WHAT NEEDS TO BE DONE
Look through the data below for the line with "Jazz Piano Diploma Syllabus" and the line with "MODERN FAMILY Season", then transcribe exactly from the first through the second, leaving out all pictures.

SOURCE RECORDS
──────────────────────────────
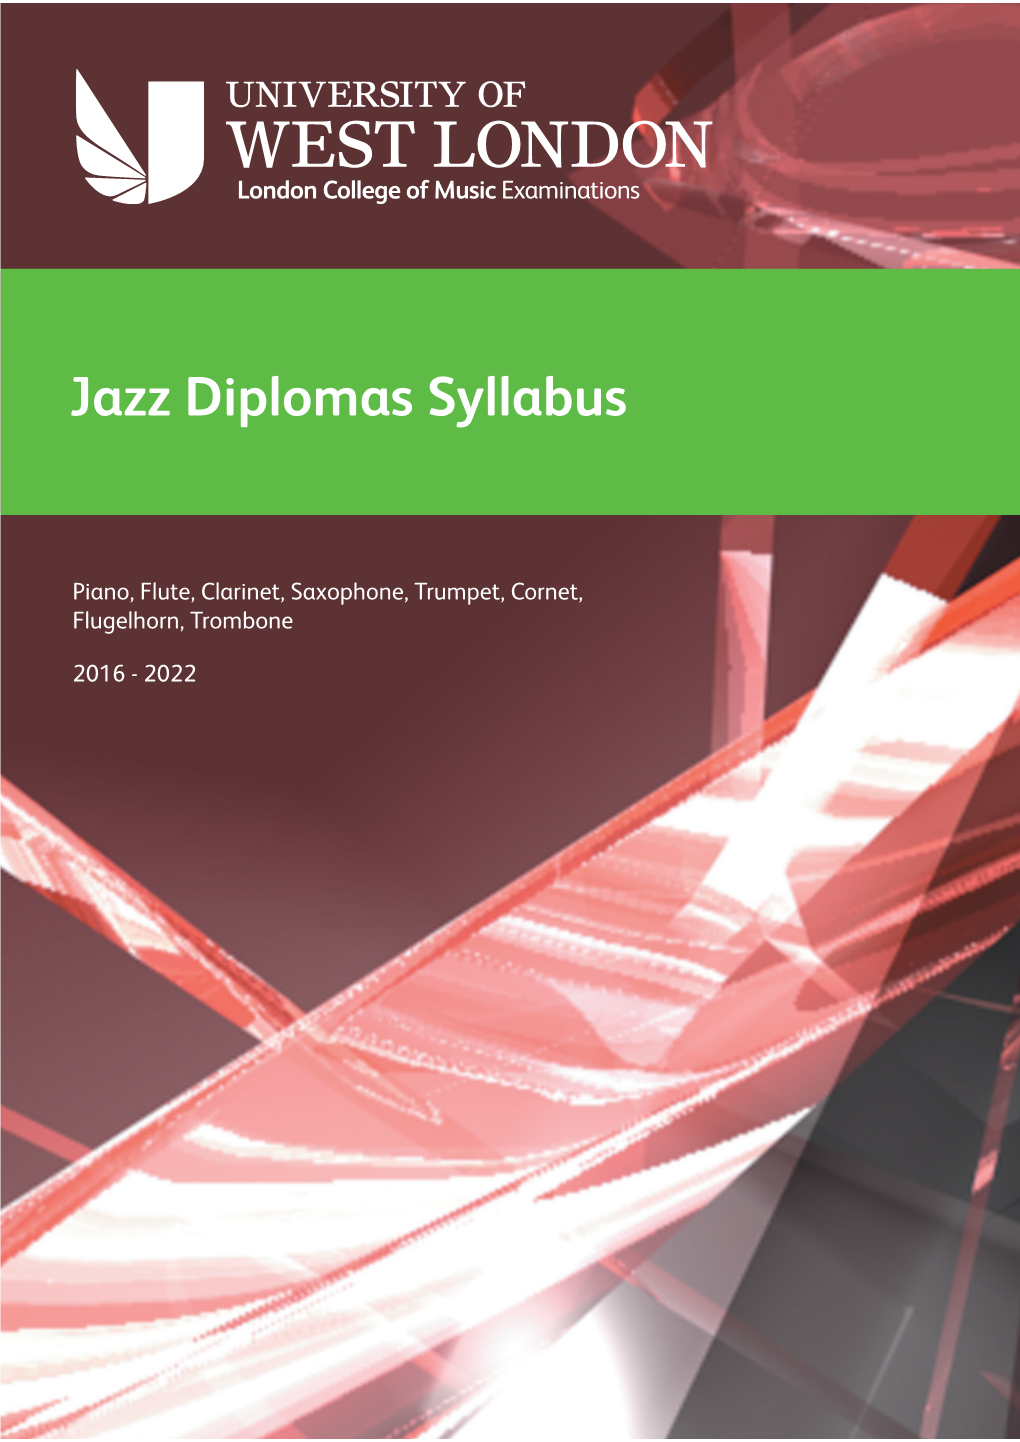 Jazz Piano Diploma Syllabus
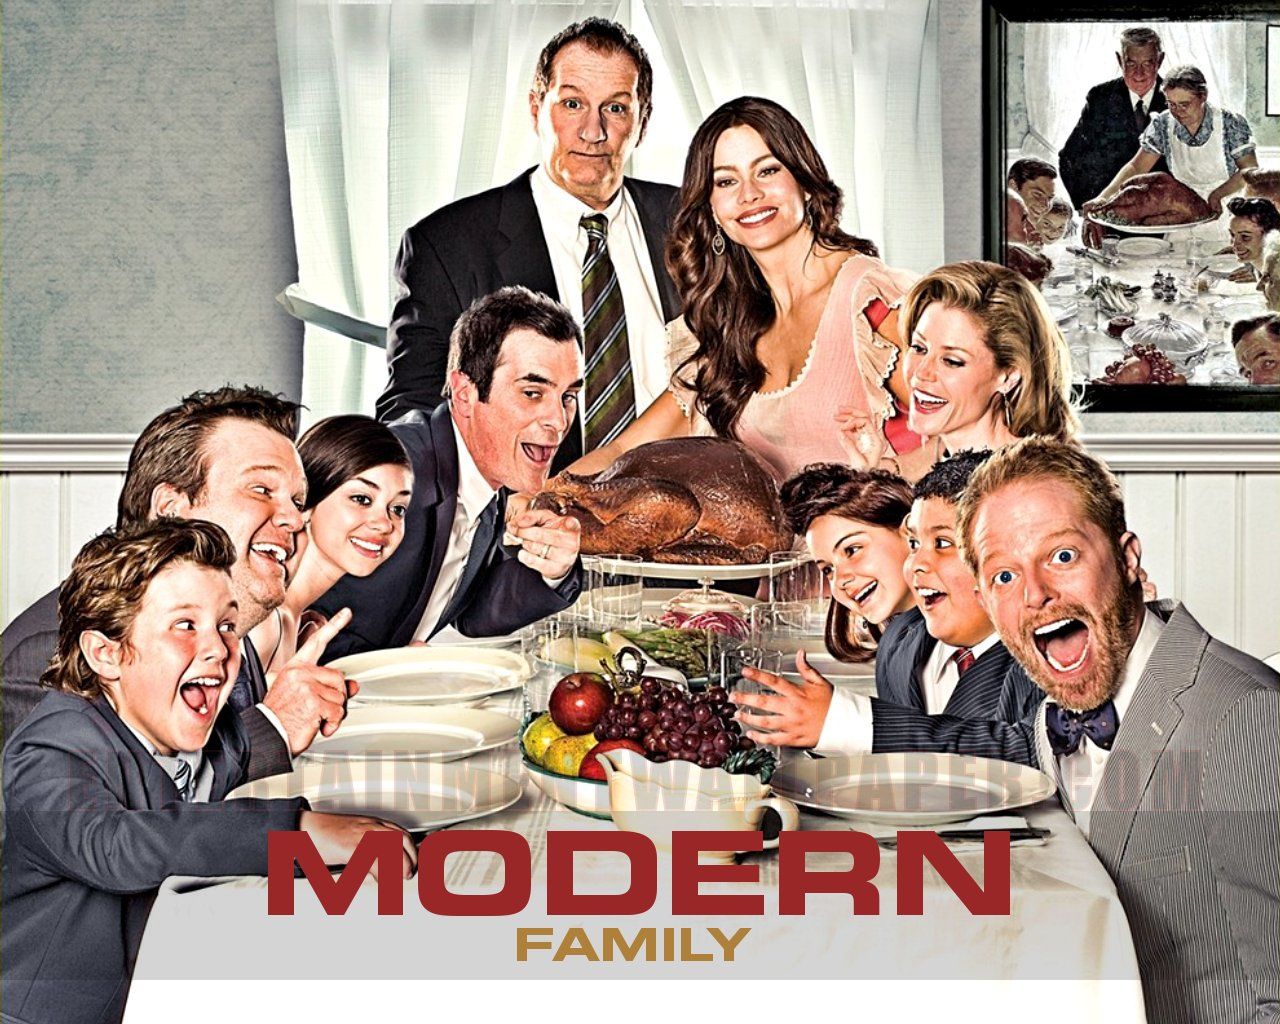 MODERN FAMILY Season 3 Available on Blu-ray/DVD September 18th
──────────────────────────────
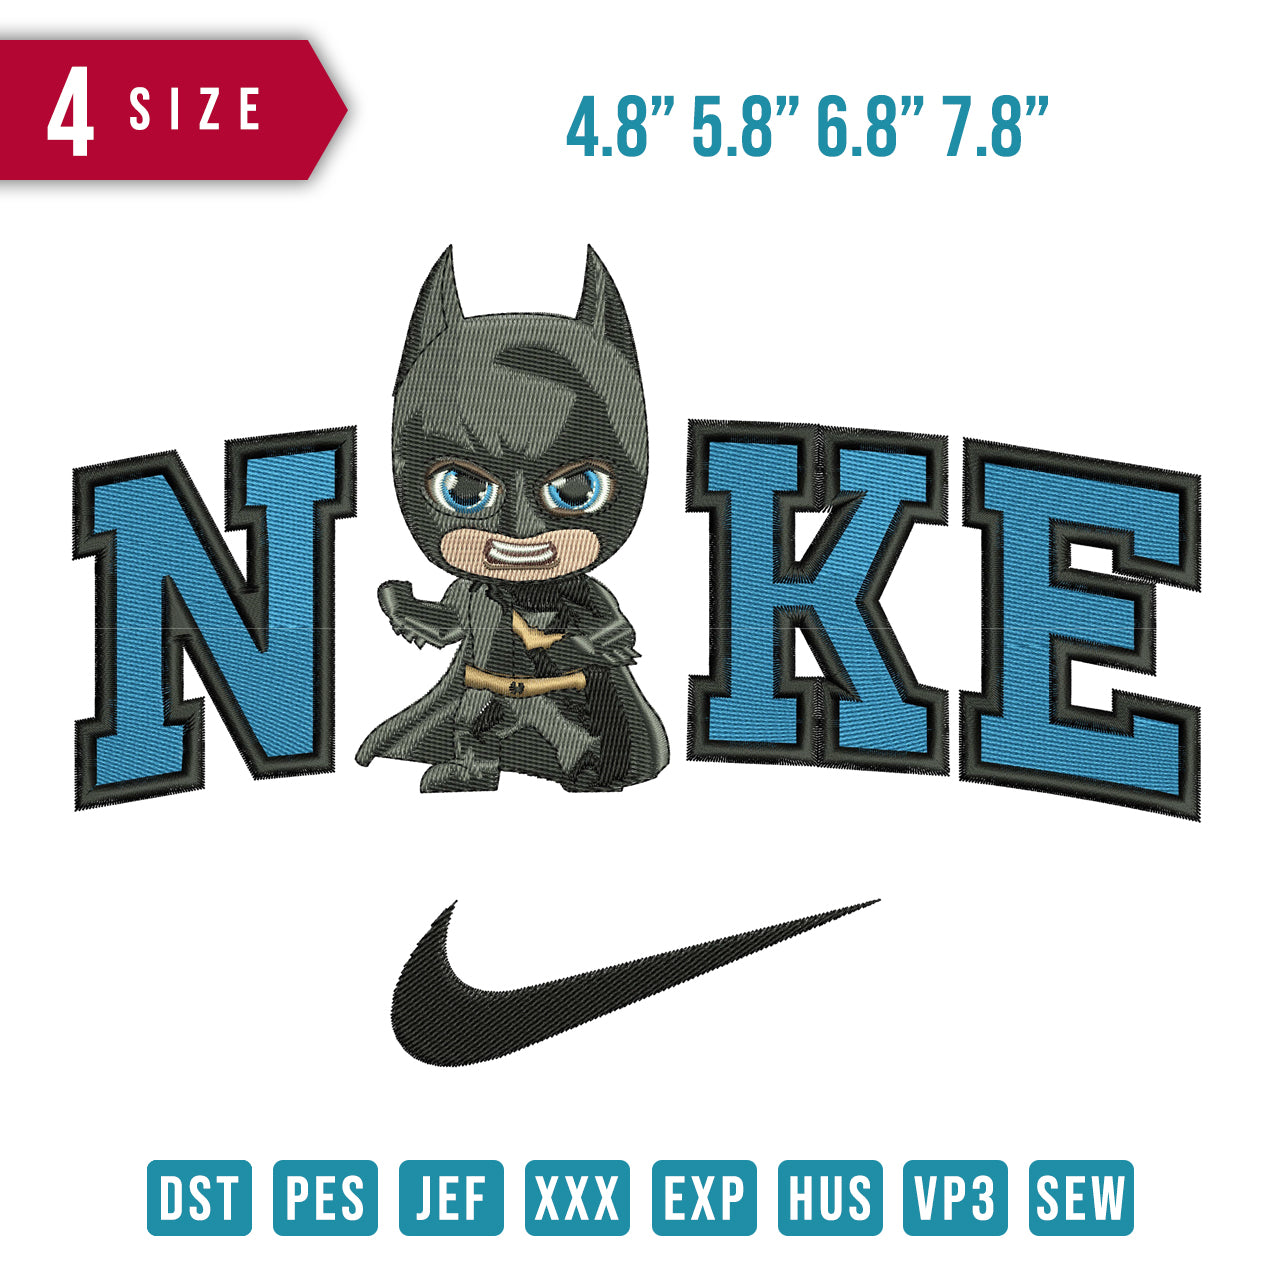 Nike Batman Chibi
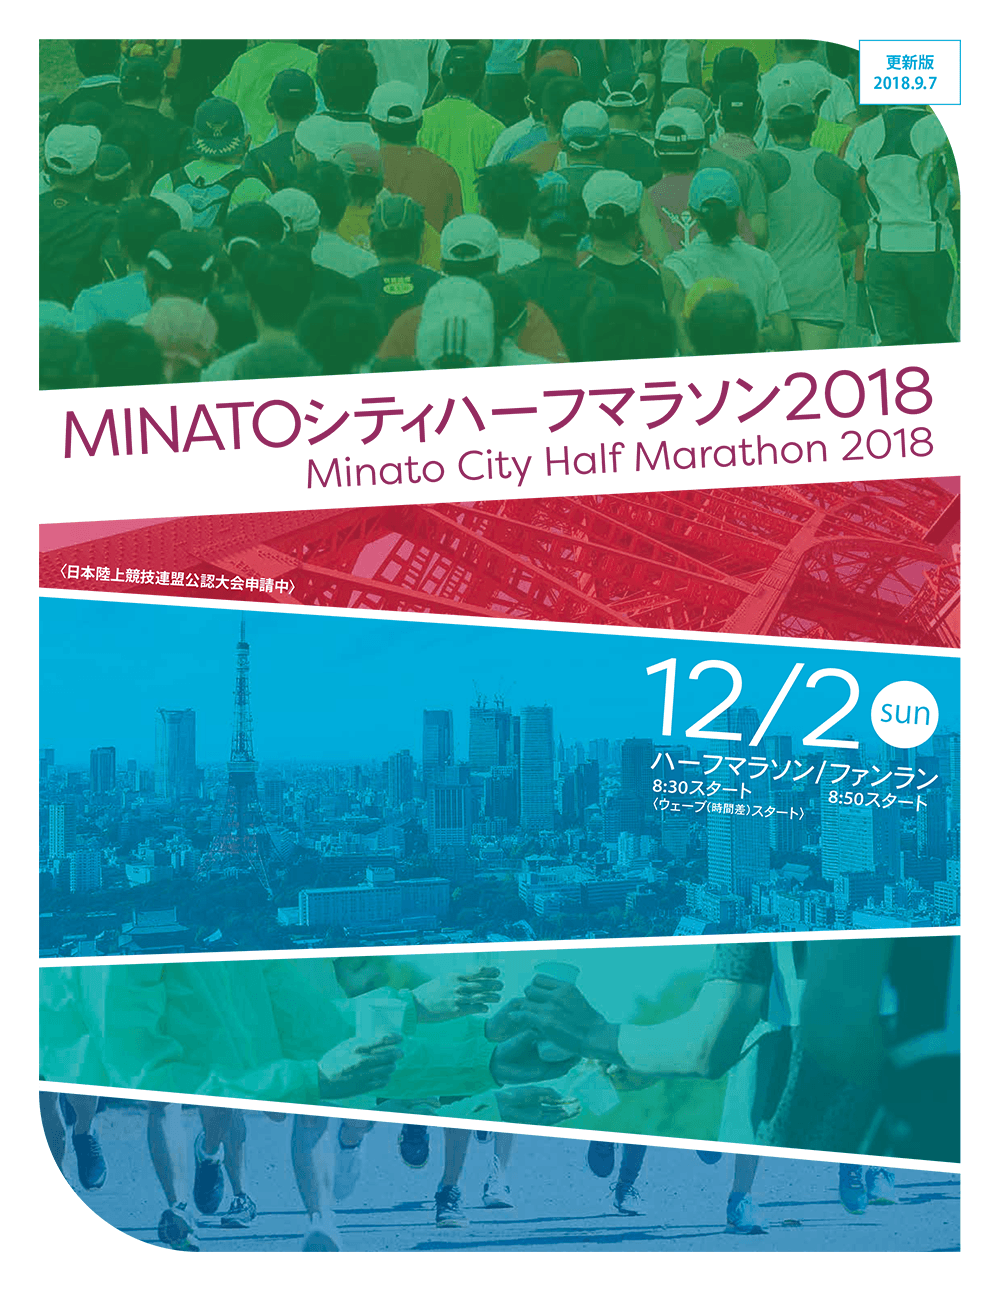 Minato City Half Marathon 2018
──────────────────────────────
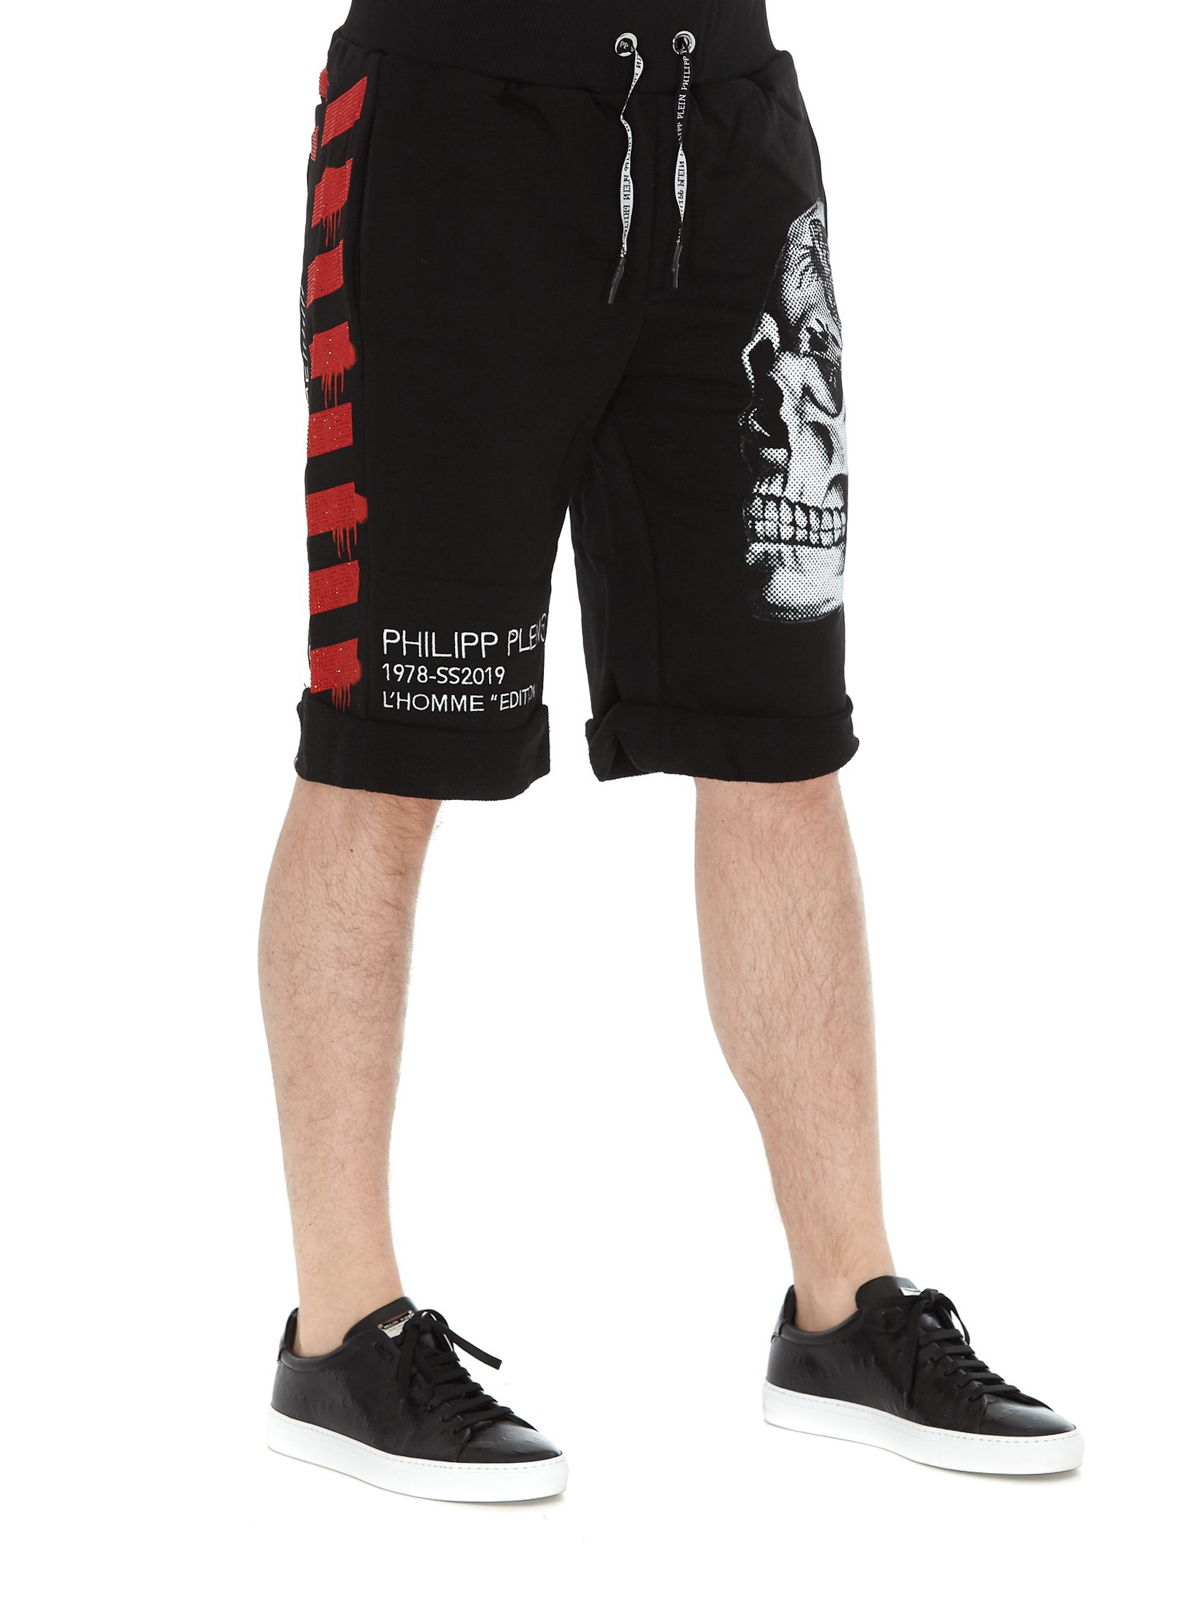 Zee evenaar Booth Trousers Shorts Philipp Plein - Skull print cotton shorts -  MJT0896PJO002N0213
──────────────────────────────
TASK RESULT
 Jazz Piano Diploma Syllabus
 MODERN FAMILY Season 3 Available on Blu-ray/DVD September 18th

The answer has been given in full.